The latest episode of the ‘Search Off The Record’ podcast features the Google Search Relations team sharing valuable insights on managing Googlebot’s interactions with webpages.
Highlights
- Specific sections of an HTML page cannot be blocked from Googlebot crawling.
- The use of the data-nosnippet HTML attribute or an iframe can influence how content is displayed in search snippets.
- Implementing a disallow rule in the robots.txt file or setting up firewall rules based on Googlebot’s IP addresses can block Googlebot from accessing a website.
During the latest episode of the ‘Search Off The Record’ podcast, Google’s Search Relations team addressed various inquiries concerning webpage indexing. The discussion centered around methods to block Googlebot from crawling specific sections of a page and how to prevent Googlebot from accessing a website entirely. Notably, the questions were answered by Google’s John Mueller and Gary Illyes.
Blocking Googlebot From Specific Web Page Sections
When asked about blocking Googlebot from crawling specific sections of webpages, such as “also bought” areas on product pages, Google’s John Mueller stated that it is impossible to do so.
He acknowledged that there are no direct solutions to this issue, but suggested two potential approaches, neither of which he deemed ideal. One option is to use the data-nosnippet HTML attribute to prevent the text from appearing in search snippets.
Another approach involves using an iframe or JavaScript with the source blocked by robots.txt, although Mueller cautioned against this method.
John Mueller cautioned against using a robotted iframe or JavaScript file to block Googlebot, as it can lead to challenging issues in crawling and indexing that are difficult to troubleshoot.
He reassured listeners that if the content in question is duplicated across multiple pages, there is no need to prevent Googlebot from accessing it.

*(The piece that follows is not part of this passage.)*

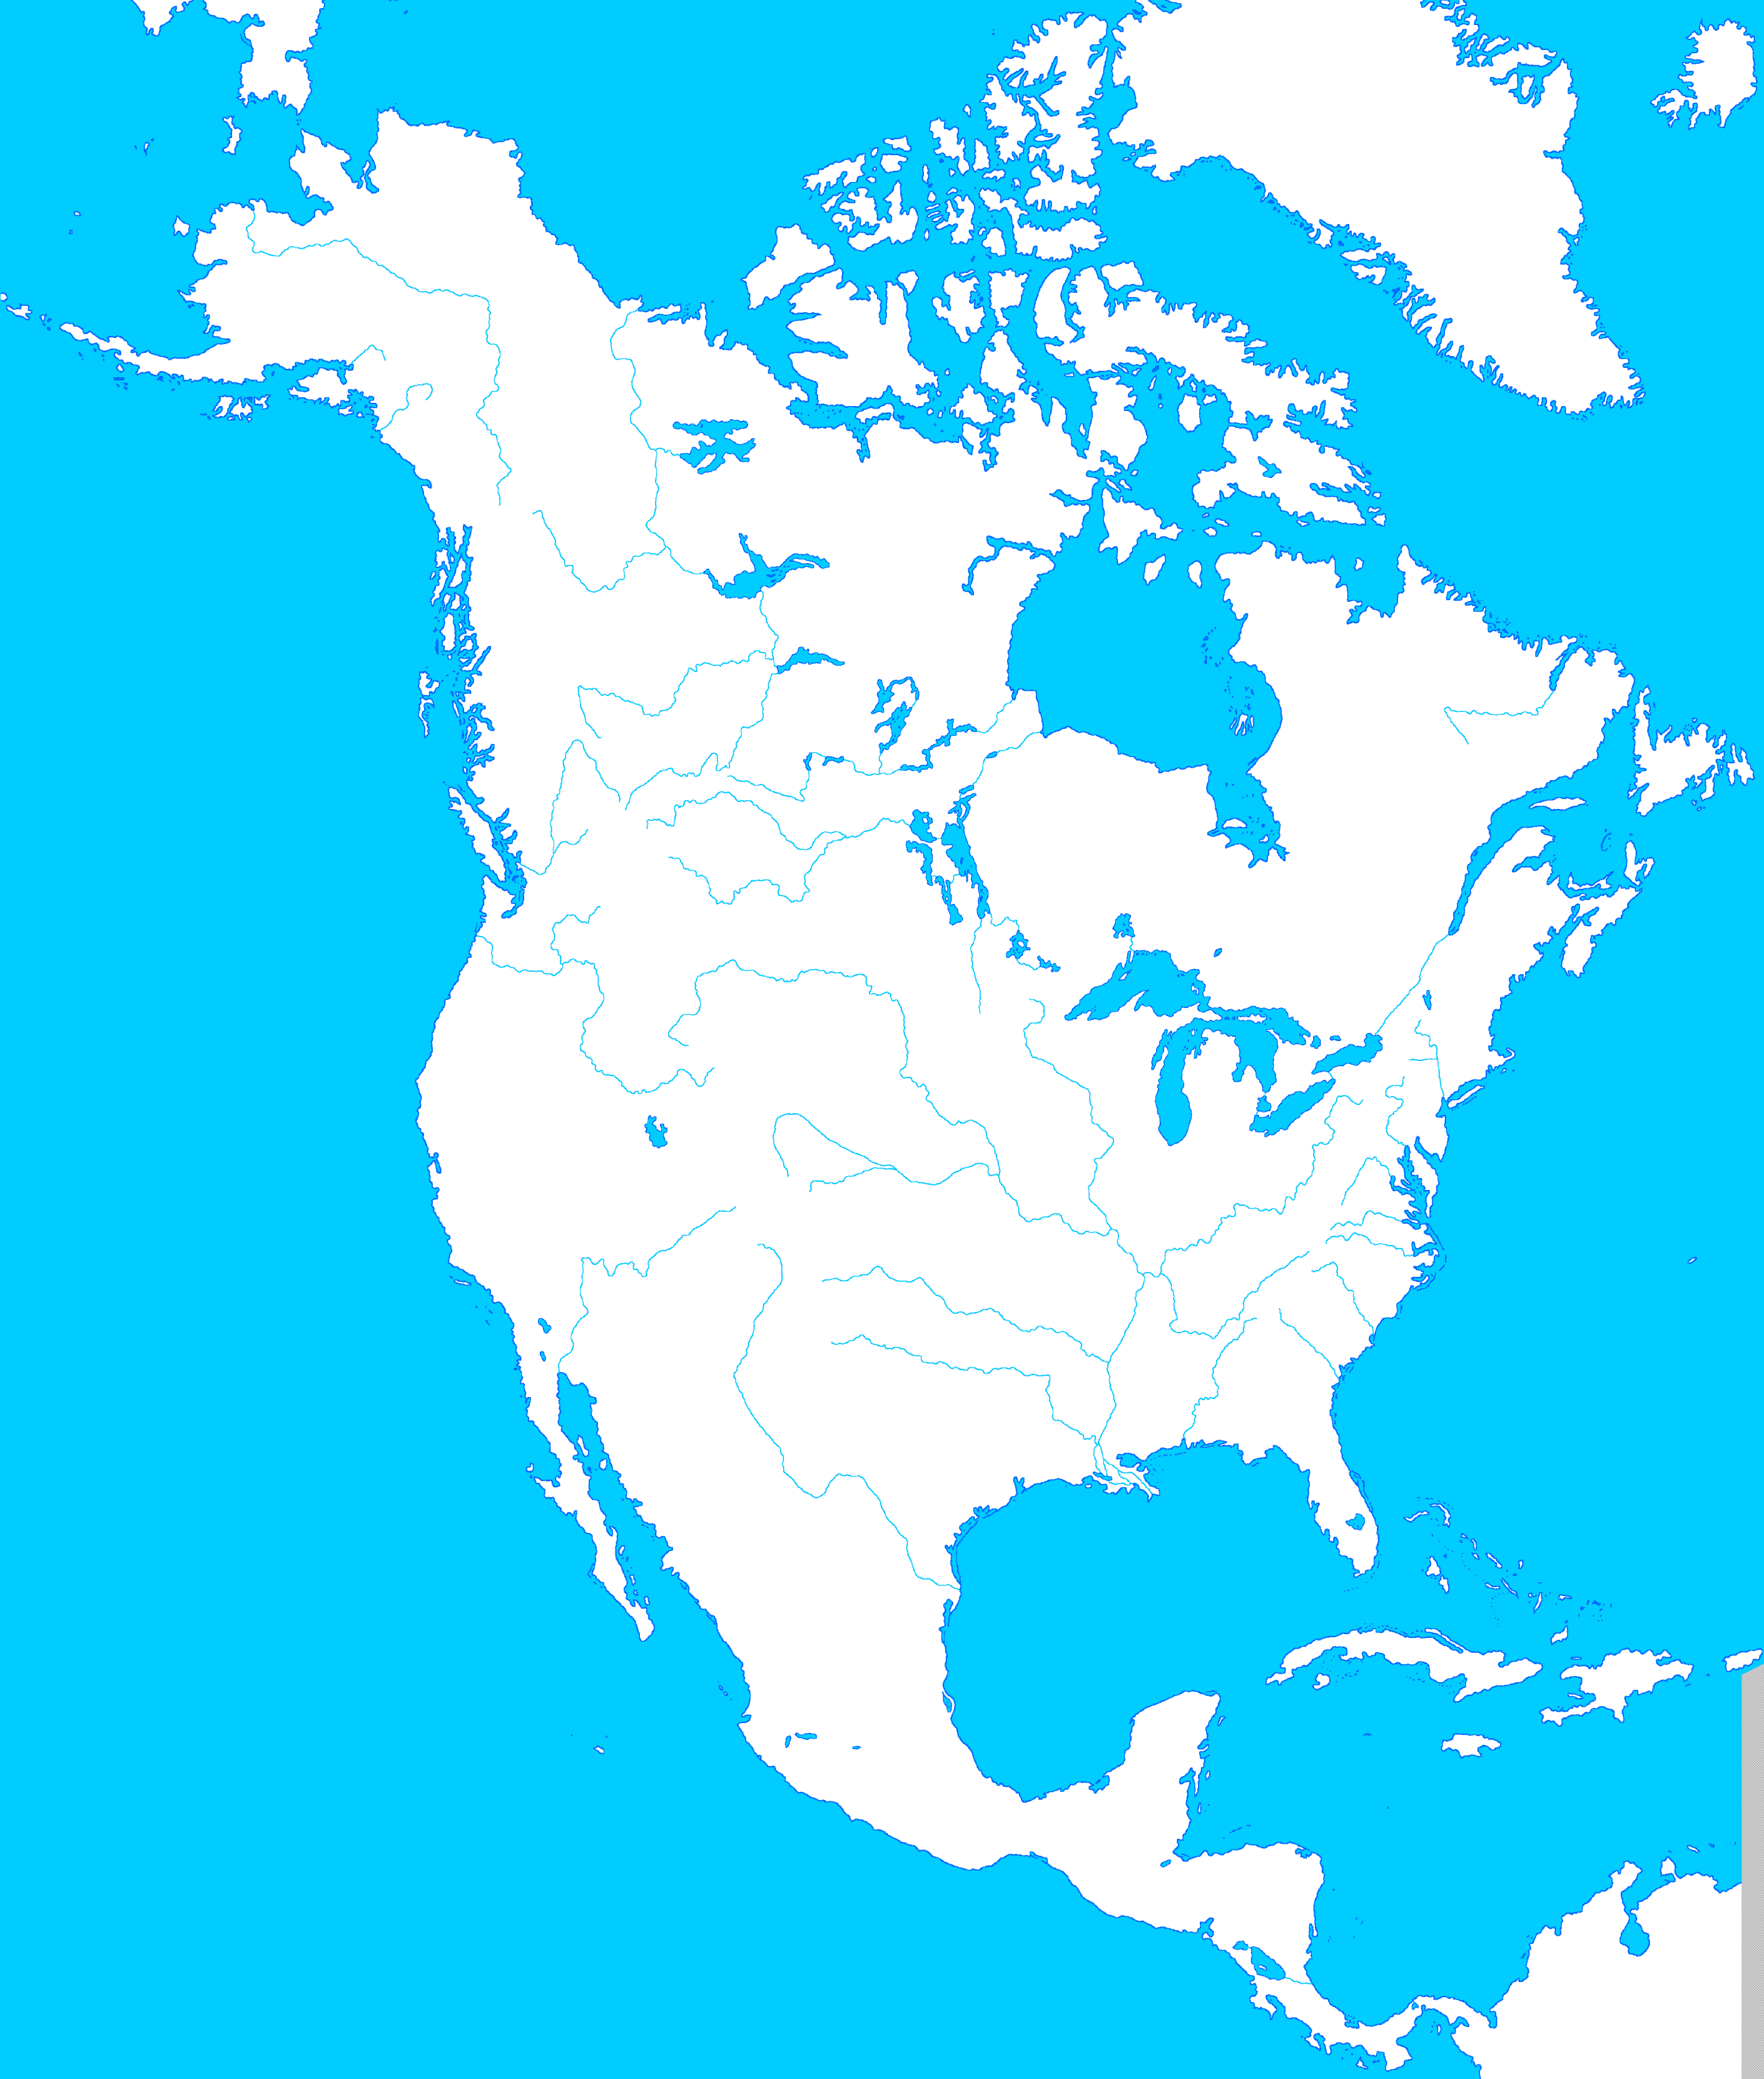 North America Blank Map Template II by mdc01957 on DeviantArt
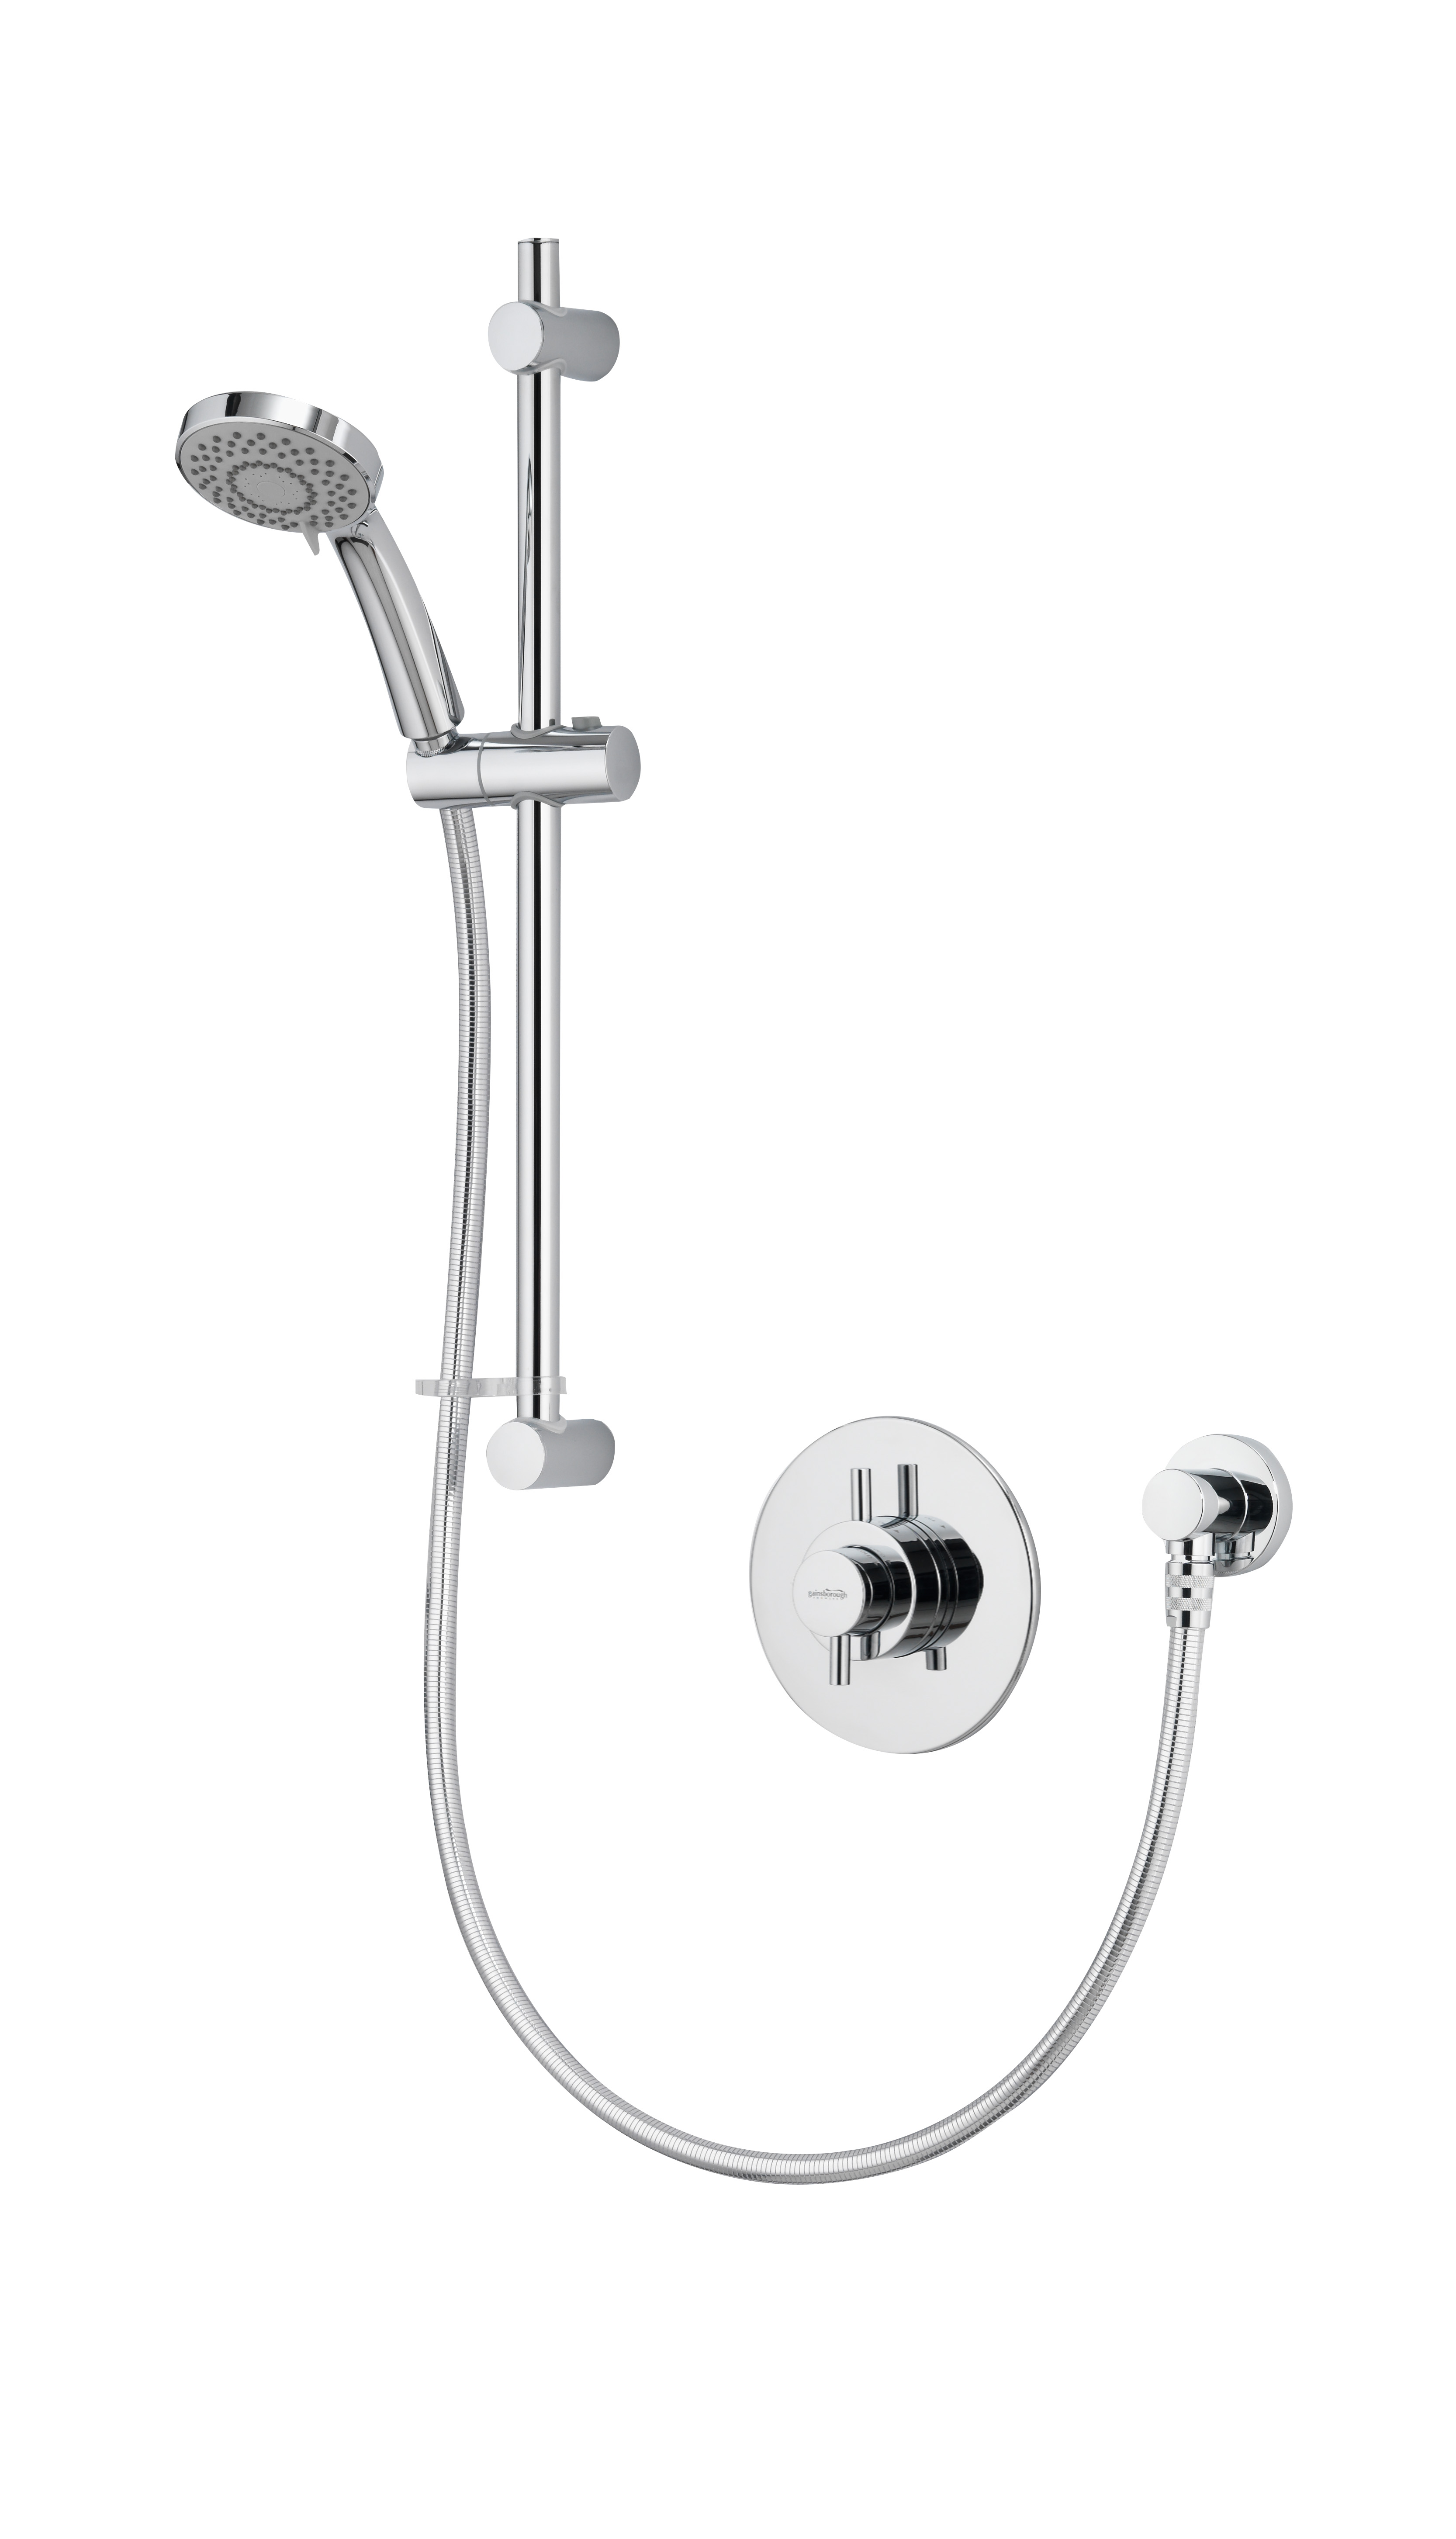 GT650 Concealed Mixer Shower - save 20% until 16th January 2014, now just £159.99

Blocking Googlebot From Accessing A Website
Gary Illyes offered a straightforward solution when asked about preventing Googlebot from accessing any part of a website.
He recommended using the robots.txt file and adding a “disallow: /” directive specifically for the Googlebot user agent. By keeping this rule in place, Googlebot will refrain from crawling the site.
For those in search of a more comprehensive solution, Gary Illyes presented an alternative method.
He suggested creating firewall rules that include Google’s IP ranges in a deny rule, enabling the blocking of network access from Googlebot. This approach provides an additional layer of control over preventing Googlebot from accessing a website.
See Google’s official documentation for a list of Googlebot’s IP addresses.
In Summary
While it is not possible to prevent Googlebot from accessing specific sections of an HTML page, there are techniques like using the data-nosnippet attribute that provide some control.
To block Googlebot from accessing your entire site, a straightforward disallow rule in the robots.txt file is effective. Alternatively, for more stringent measures, one can implement specific firewall rules.